Just the evening before, Yahoo, Google and Microsoft signed an agreement on human rights guidelines for the Internet, noted moderator Devin Stewart of the Carnegie Council for Ethics in International Affairs. The accord "came about as a result of pressure from international NGOs to address some concerns about Internet companies doing business in China," and early analysis suggests that it is a promising first step. The hope is that the three companies "will try their best to have a less negative impact on human rights," which can include issues of corruption, access to information and access to courts--"the whole gamut," Mr. Stewart said.

Corporate social responsibility, or CSR, means investing in the larger development of society, including education, the environment, aid to the poor and health care, said panelist Charla Griffy-Brown of Pepperdine University. As social media like YouTube, MySpace, Facebook and Mixi create "a transformation of the social logic," there's broad agreement among corporate executives that information stewardship, managing and setting policies for data accuracy, security and access across an enterprise, is an essential part of CSR. However, it's not clear how closely practice follows principle: A 2006 Techweb survey showed only about 40 percent of global firms are investing in this area, she said.

Professor Griffy-Brown reported on a study she and colleagues did on information stewardship at a number of American and Japanese enterprises, including both corporations and government agencies. Early on in the study, participants were asked to identify core values. U.S. and Japanese firms alike named four central elements of information stewardship: privacy, accuracy, property rights and accessibility. A later phase studied decision-making in a simulated exercise, and here, preliminary results show some cultural differences, she said. Employees were asked to perform a task that could, though not necessarily would, compromise information security. Among employees in the Japanese firms, agreement to take on the task was universal, whereas in the American firms, 70 percent of those studied agreed to take on the task--still a large majority, but reflecting in her view the greater license that American cultural norms give to employees to say no to the request of a supervisor.
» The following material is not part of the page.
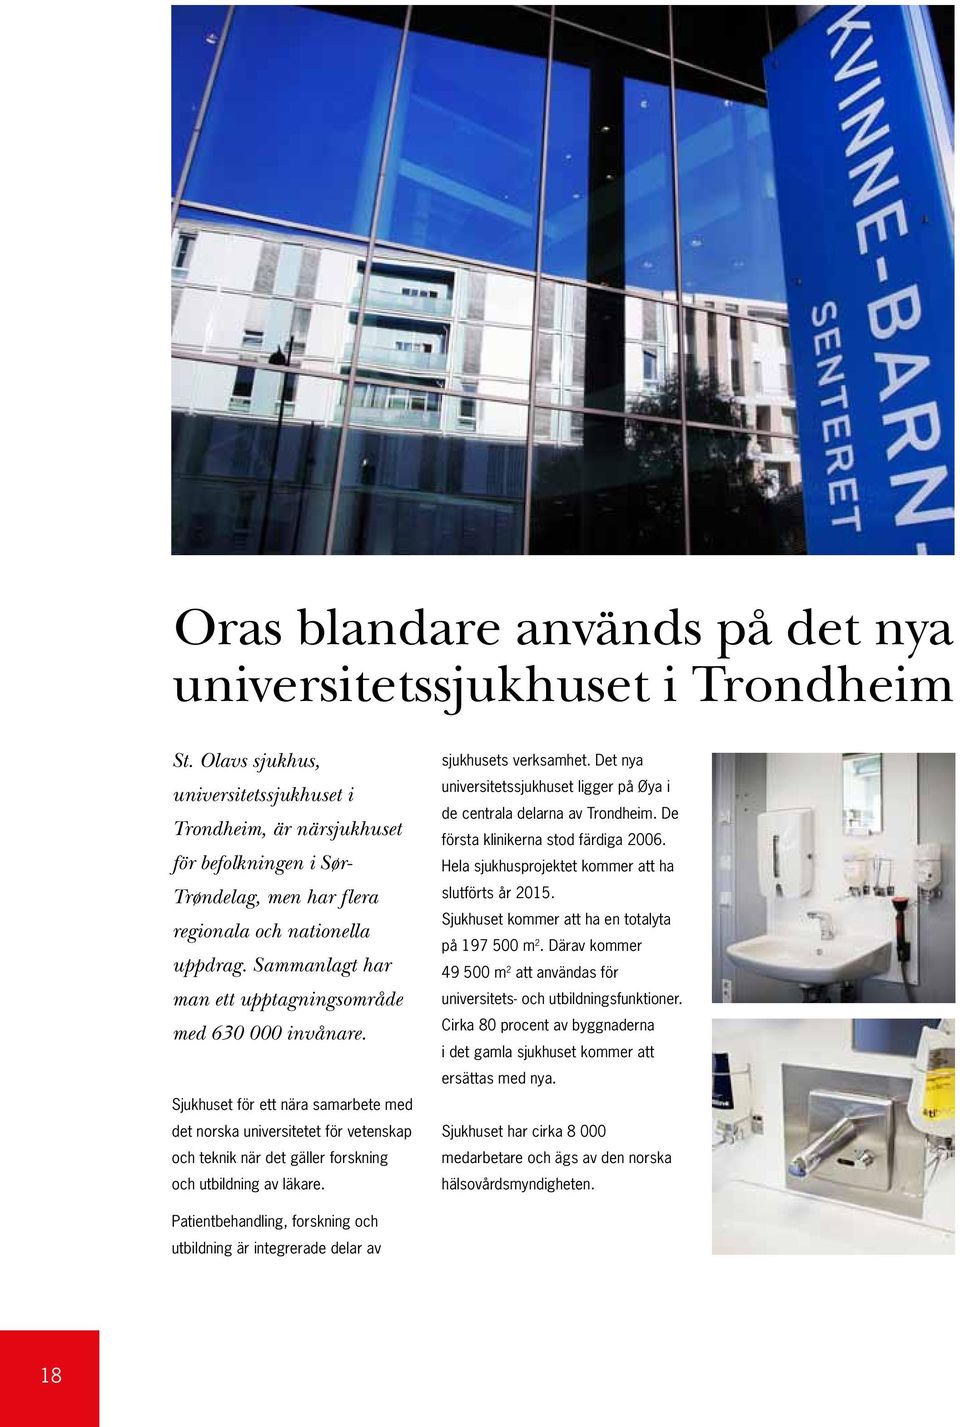 Sammanlagt har man ett upptagningsområde med 630 000 invånare. Sjukhuset för ett nära samarbete med det norska universitetet för vetenskap och teknik när det gäller forskning och utbildning av läkare.

In terms of their CSR and information stewardship goals, the firms studied fell into three categories, she continued. Some were "looking for a reputation boost, for some recognition for social service." Others had a specific strategic goal in mind. "But the most interesting group of companies," albeit the smallest, "were those that were trying to look at large systems transformation, sometimes in very targeted areas, which they ultimately felt would have a dramatic impact on their ability to be profitable in the future."
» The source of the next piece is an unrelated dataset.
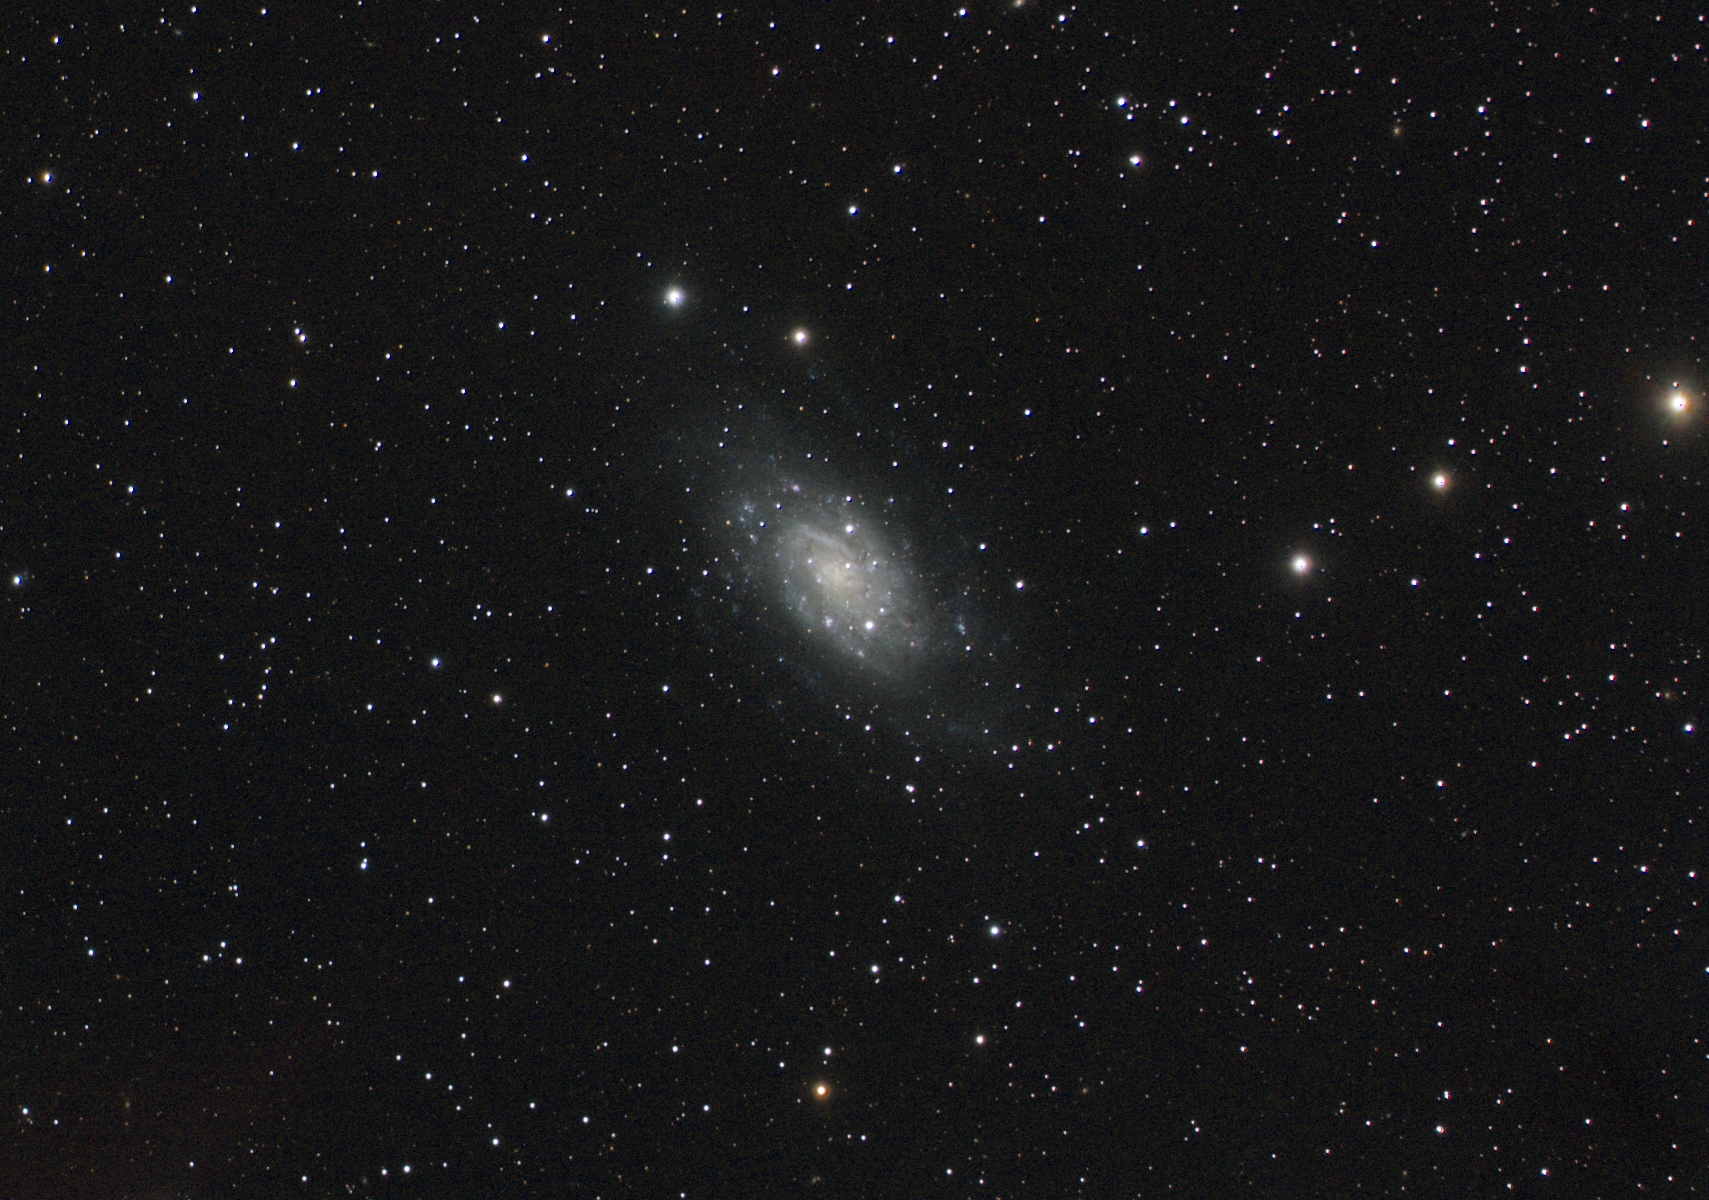 618d8b30d30d7_NGC2403432121120121etalrecadrre.jpg.a406d6b28331656efb63339d586860d7.jpg

The digital divide, the gap between those who have access to digital and information technology and those who do not, is a daunting quandary, Professor Griffy-Brown said. "Access and participation are essential parts of what Pierre Lévy calls our collective intelligence. And he links this to the prosperity of every nation, or even every firm, because it depends largely on their ability to navigate this knowledge space that is being created."

"We've come to realize more and more that poverty is not just a lack of economic income, but it's the inability to realize human capacity."

In the broadest sense, she said, digital social responsibility means that digital technology "should be used in a way in which the dignity, self-esteem and capacity of each person are enhanced." In their use of these tools, members of society are not consumers but participants in a community. The guiding philosophy of Internet firms and those who govern should be "avoiding exploitation, avoiding the creation of dependencies, enhancing the role of openness and transparency, and allowing people to essentially shape their own future."

For Jun Kurihara of Harvard's Kennedy School of Government, the first order of business for Japanese firms is to help create an information-energized "e-Japan," a Japan that is strong enough to deal with crises of all kinds, whether natural disasters, pandemics, economic crises or terrorist attacks. During a crisis, "the entire community, including individuals, businesses, schools, hospitals and government offices, all are concerned about information--for security and for economic reasons, how to put ourselves back to business as usual and as soon as possible."

Business continuity management has long been a focus in Japan, not surprising given the island chain's unstable geology and the powerful storms that sweep in from the Pacific, Mr. Kurihara pointed out.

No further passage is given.